Transplant and cancer patients who have heard of the therapy sometimes see doctors who don’t know what it is and won’t prescribe it. Doctors who treat transplant and cancer patients say they see patients who don’t know it’s an option.  

“It’s been really disappointing that we’ve had such a limited rollout,” said Camille Kotton, an infectious disease specialist at Mass General.

 

The rollout can have life or death stakes. Although vaccines and prior infections have reduced the risk for most Americans, the picture is more muddled for people with weakened immune systems. A CDC analysis of 10 states published this month found that immunocompromised people accounted for 12.2% of all Covid-related hospitalizations, despite being only 3% of the U.S. population. 

Vaccination still significantly lowers their odds of being hospitalized with Covid, but, unlike with the immunocompetent, it didn’t significantly lower their odds of dying once there. (The CDC, however, did not track whether immunocompromised patients had received the full 3 to 5 doses they are eligible for, and experts stress that everyone should get vaccinated, even if they are likely to get less protection than others.)

Evusheld — along with more widespread use of boosters — could provide supplemental protection. It consists of two antibodies that are injected into a patient and stay in the blood for about six months, smothering the virus in the event of exposure or infection.

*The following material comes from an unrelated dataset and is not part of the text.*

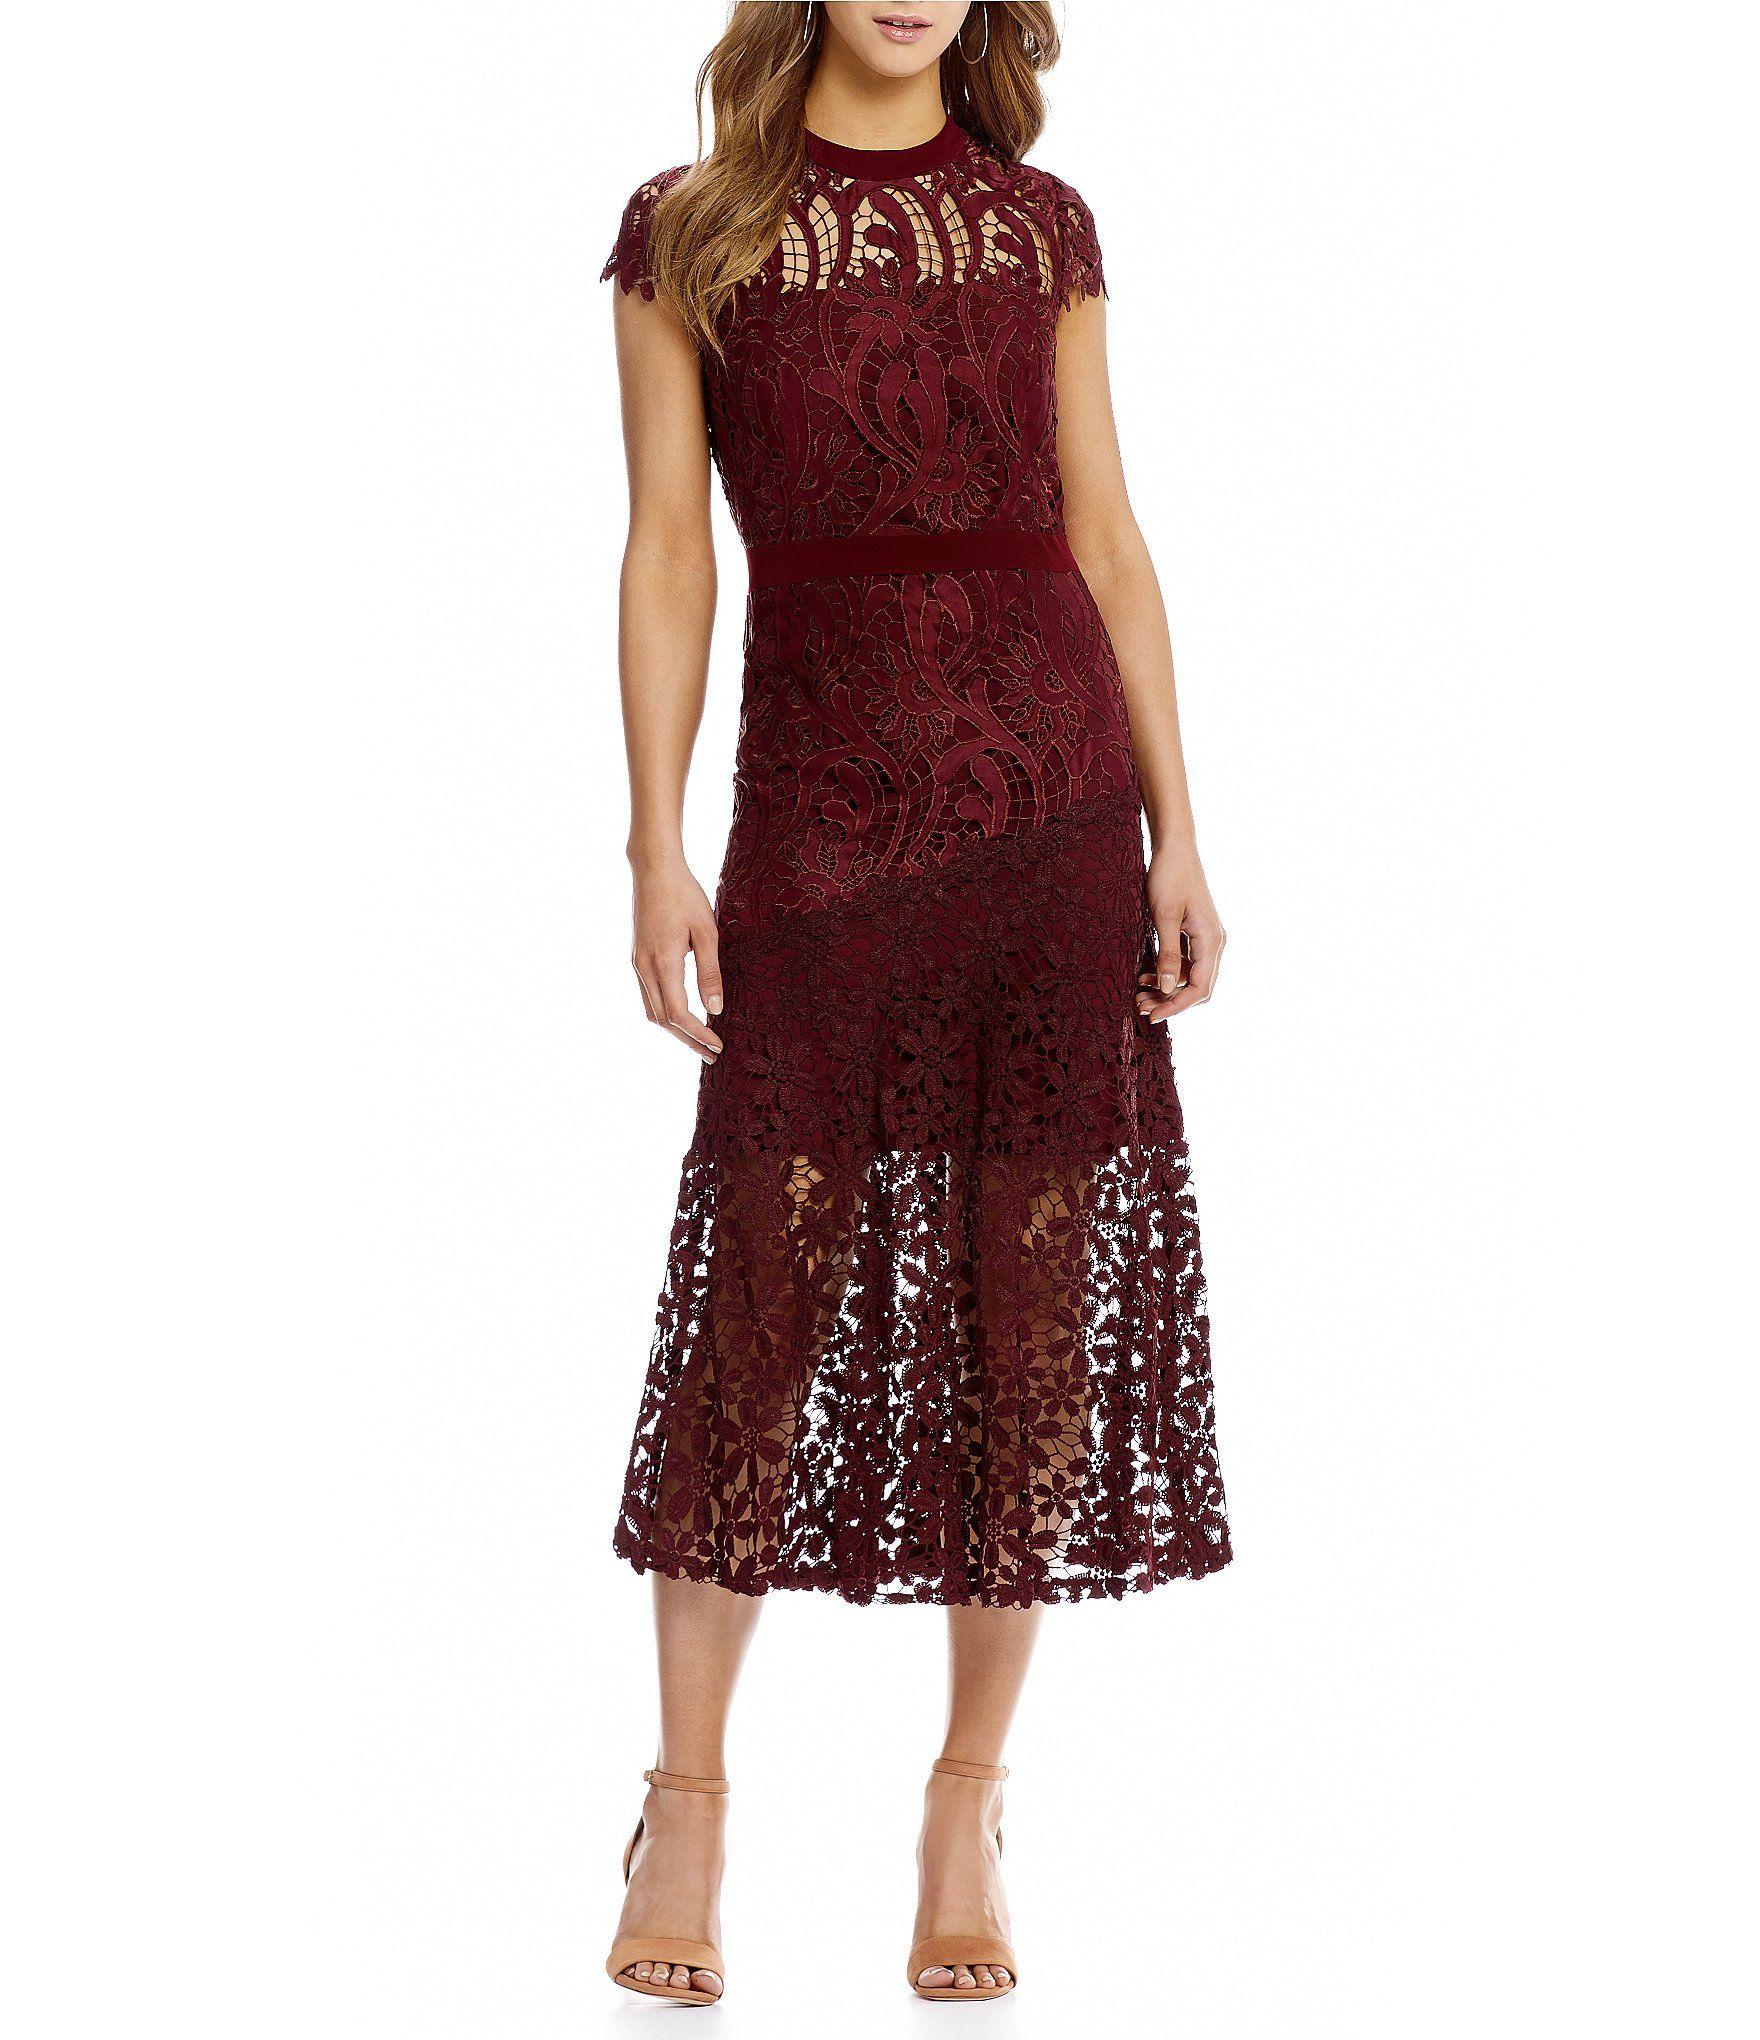 Antonio melani macie lace dress dillards dresses pinterest antonio melani macie lace dress dillards ombrellifo Gallery

The Federal government is aware the tool is being underused. On a recent call with providers and patient advocacy groups, Health and Human Services therapeutics director Meghan Pennini acknowledged that only around 165,000 people had received the drug, according to a transcript obtained by STAT. 

“There are many more out there who could use the medication,” she said. 

Plans to solve the shortfall, though, have been slow to materialize. When President Biden announced new measures to combat BA.5, a variant that may now be infecting nearly a million Americans each day, he said they would include plans to make “Evusheld more widely available through enhanced distribution to clinicians’ offices and clinics” and “in the coming weeks” set up a hotline to help people access the medication.

Infectious disease physicians said they welcomed the moves but await actual details. 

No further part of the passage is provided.